Exercise * Use iterative loop to fill h_mc_px and h_delta_px, use calc from before * Plot all three histograms overlaid into one figure with plt.stairs

# do exercise here

# solution

for chunk in event.iterate(["trk_px", "trk_imc", "mc_trk_px"]):
    h_px.fill(ak.flatten(chunk["trk_px"]))
    h_mc_px.fill(ak.flatten(chunk["trk_px"]))
    h_delta_px.fill(calc(chunk))
    
for h, label in ((h_px, "px"), (h_mc_px, "mc_px"), (h_delta_px, "delta_px")):
    plt.stairs(h.values(), h.axes[0].edges, label=label)
    
plt.legend();

Histograms can be reduced
Shrink axis range with slices and using loc
Make binning coarser with rebin

from boost_histogram.tag import loc, rebin

h_delta_px_2 = h_delta_px[loc(-0.5):loc(0.5):rebin(2)]

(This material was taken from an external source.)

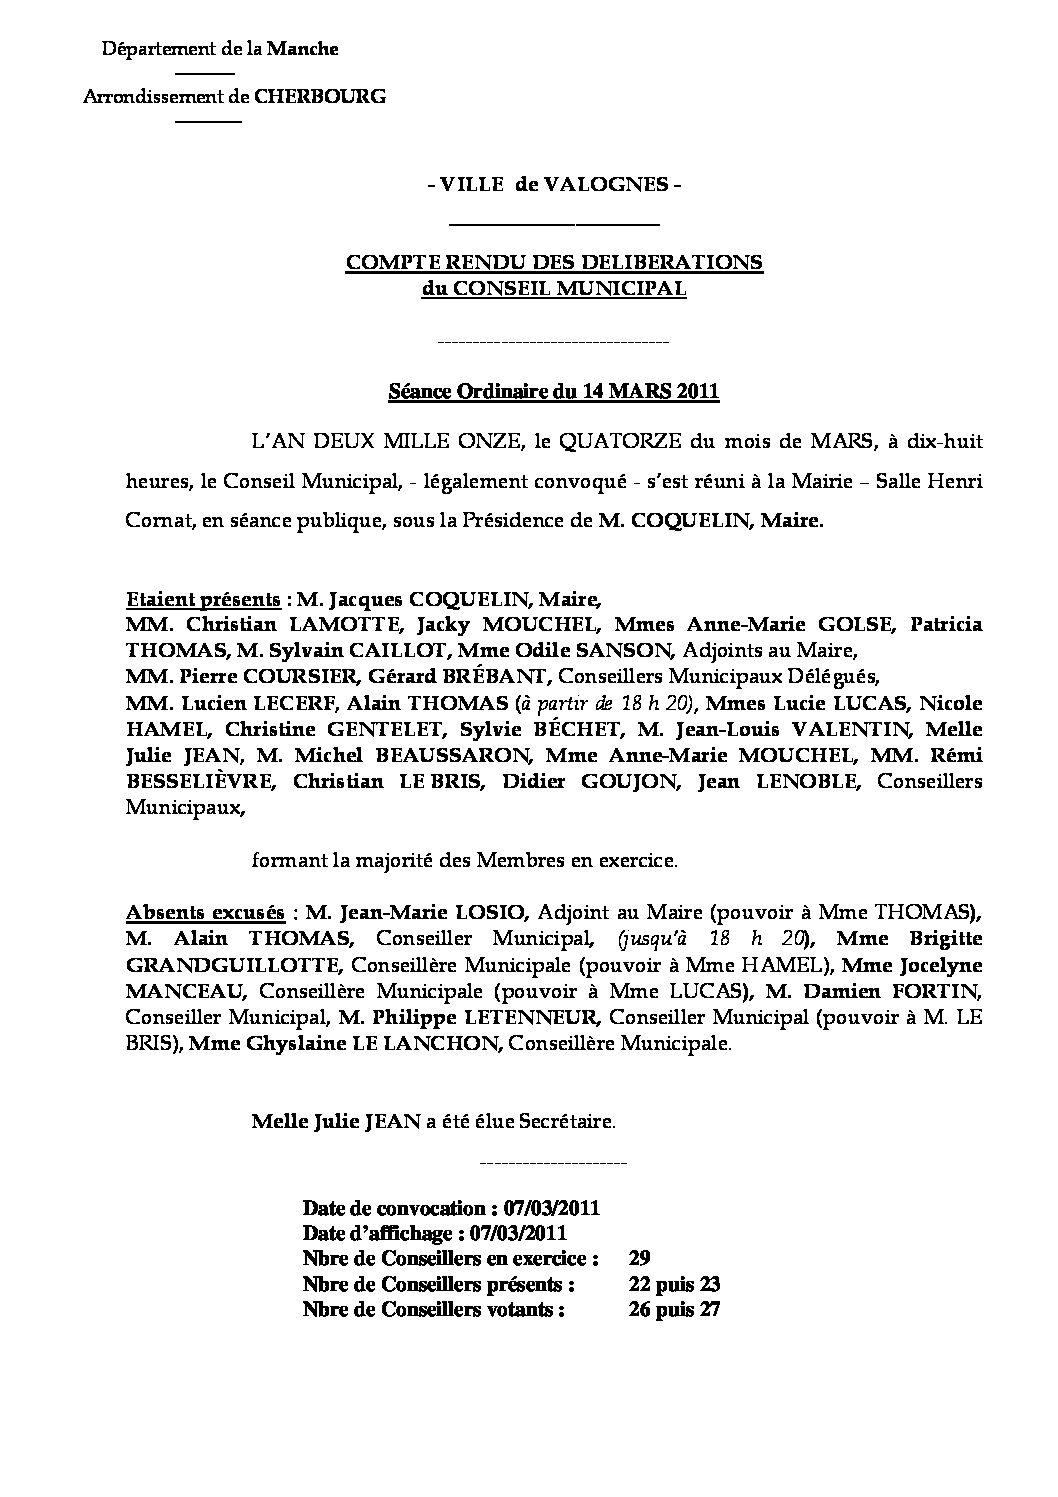 Extrait du registre des délibérations du 14-03-2011 - Compte rendu des questions soumises à délibération lors de la réunion ordinaire du Conseil Municipal du lundi 14 mars 2011.

for h in (h_delta_px_2, h_delta_px):
    plt.stairs(h.values(), h.axes[0].edges,
               label=f"{len(h.values())} bins")
plt.legend();

Beyond 1D histograms

Supports advanced axis types (e.g. category axis)
Supports higher dimensional histograms
Supports generalized histograms with binned statistics (aka “profile” in ROOT)

# check detector momentum resolution in x for different particle species

p_axis = bh.axis.Regular(50, -2, 2)
pid_axis = bh.axis.IntCategory([], growth=True)

# profile: compute mean of reconstructed px in bins of mc_px for different particle species

p_2d = bh.Histogram(p_axis, pid_axis, storage=bh.storage.Mean())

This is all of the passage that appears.